9.1 x 11.2 Antique Bidjar Carpet, Calyx Design, Kurdistan Province, Northwest Persia, Circa 1910
This is a carpet that photographs do not do justice to. It is beautiful in person and in superb condition.
One could posit that no collection of antique Bidjar rugs, or Kurdish rugs in general, is complete without an example with a version of the Calyx design. Part of the problem in that sense is that the format is perhaps the least common of all designs used in the wide ranging Bidjar design repertoire. This antique Bidjar carpet is part of a relatively uncommon group of Bidjars featuring a “Calyx” design. The red background is decorated with large flowers and ancillary floral elements.

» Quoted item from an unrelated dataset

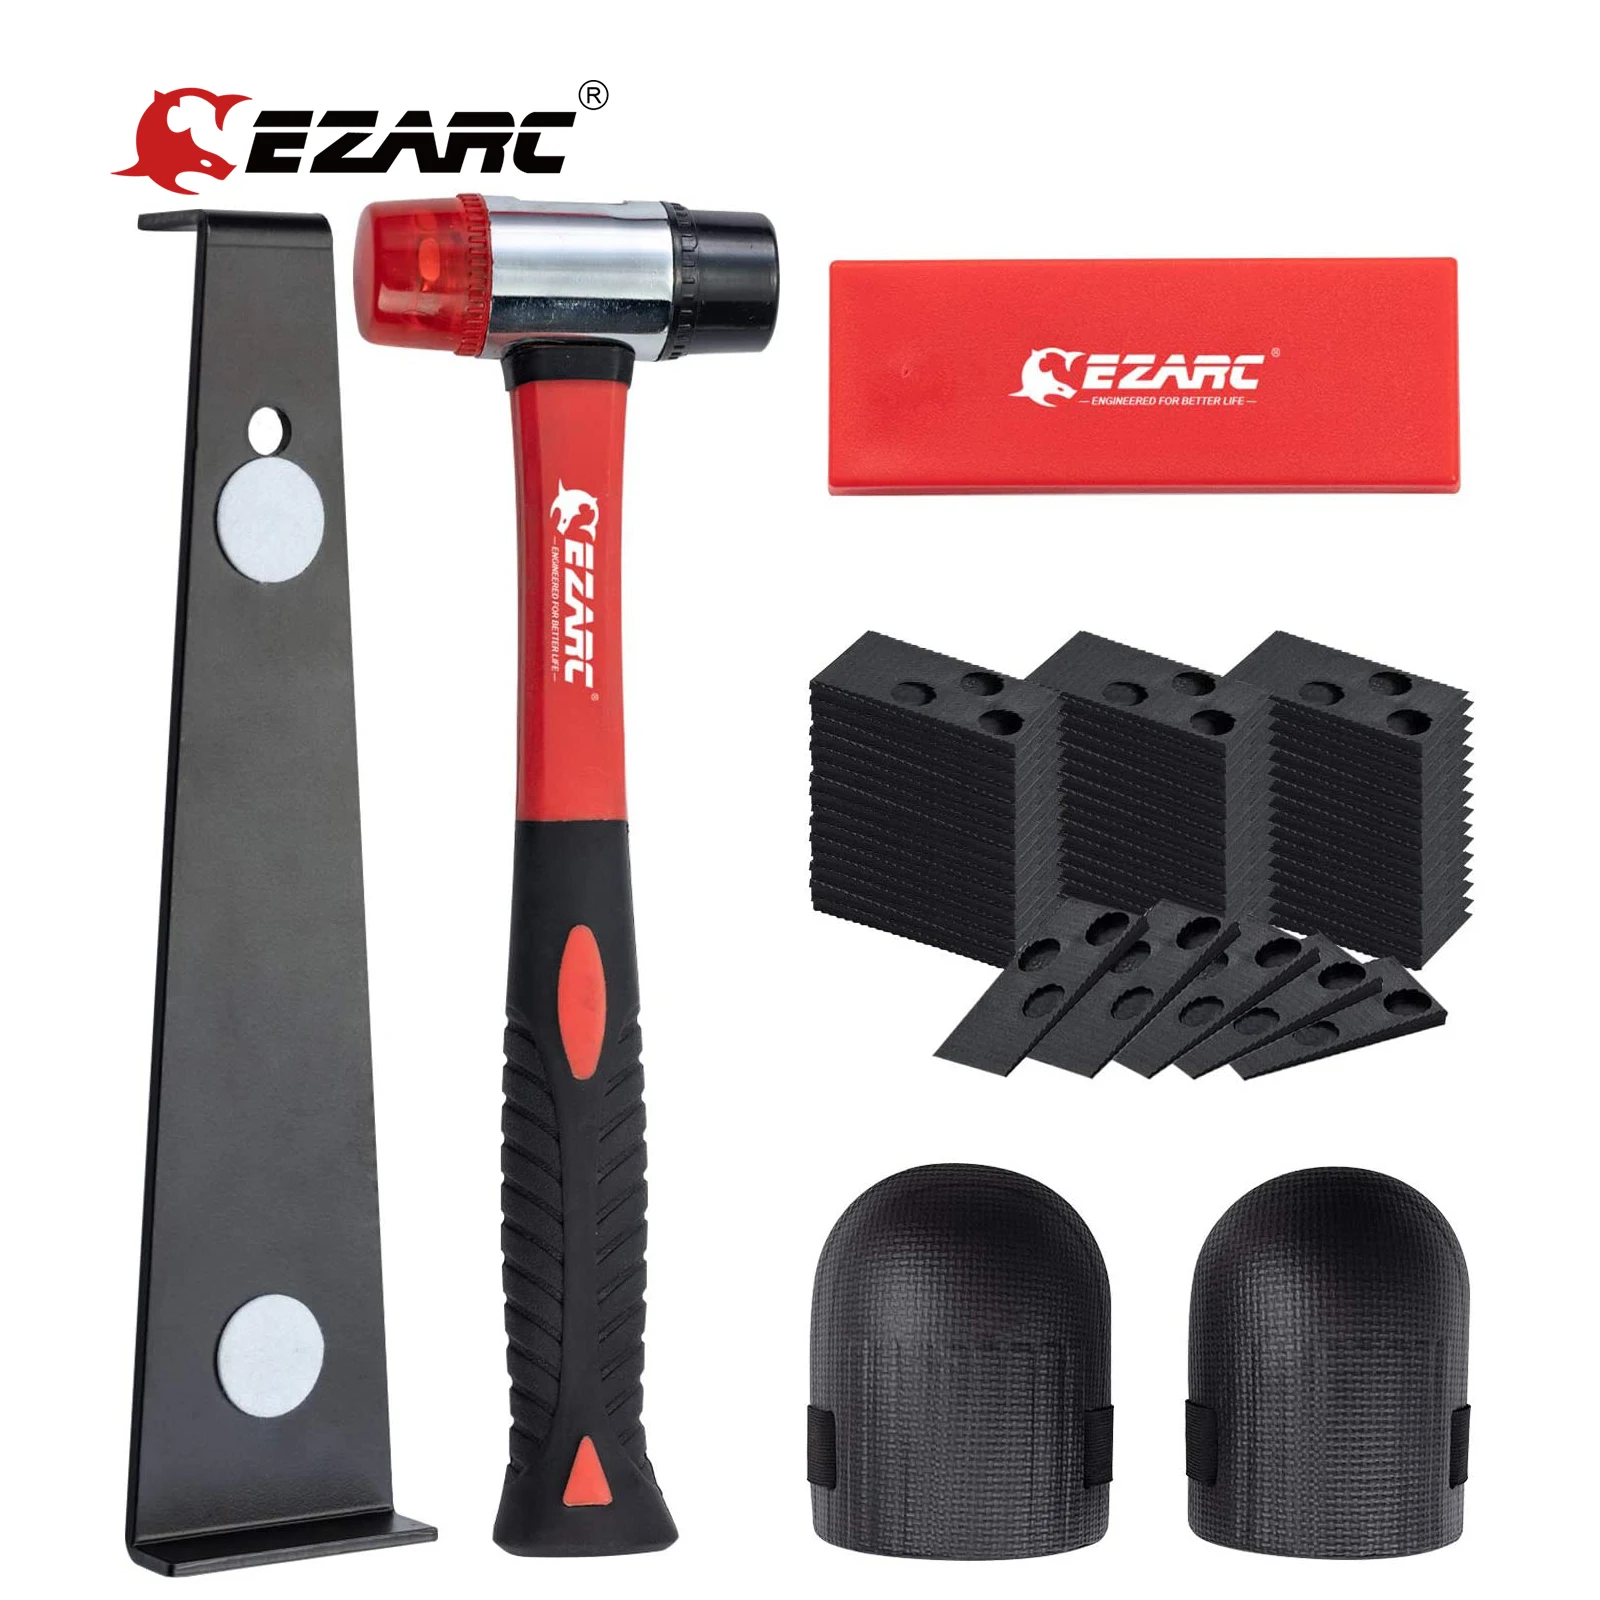 EZARC Laminate Wood Flooring Installation Kit with 60 Spacers,Pull Bar, Rubber Tapping Block, Double-Faced Mallet, Foam Kneepads flooring spacers laminate wood flooring tools compatible w vinyl plank hardwood

There is an excellent range of color, including red, navy, coral, sky blue, mid blue, green, a brownish aubergine and light camel color.
The Oxford Dictionary defines a Calyx as “the ring of small green leaves (called sepals) that protect a flower before it opens.” The Cambridge Dictionary describes it slightly differently as “the outer part of a flower formed by the sepals (the separate outer parts), which covers and protects the petals, etc as they develop.”
A work of art (in this case furnishing fabric) in the Victoria and Albert Museum in London called “Calyx” was made in Great Britain in 1951 and has this notation: “Textile designer Lucienne Day (1917 – 2010) graduated from the Royal College of Art in 1940, but her career breakthrough came with the launch of her pioneering contemporary textile ‘Calyx’, designed for the Festival of Britain in 1951, which embodied the energy and optimism of the postwar period.”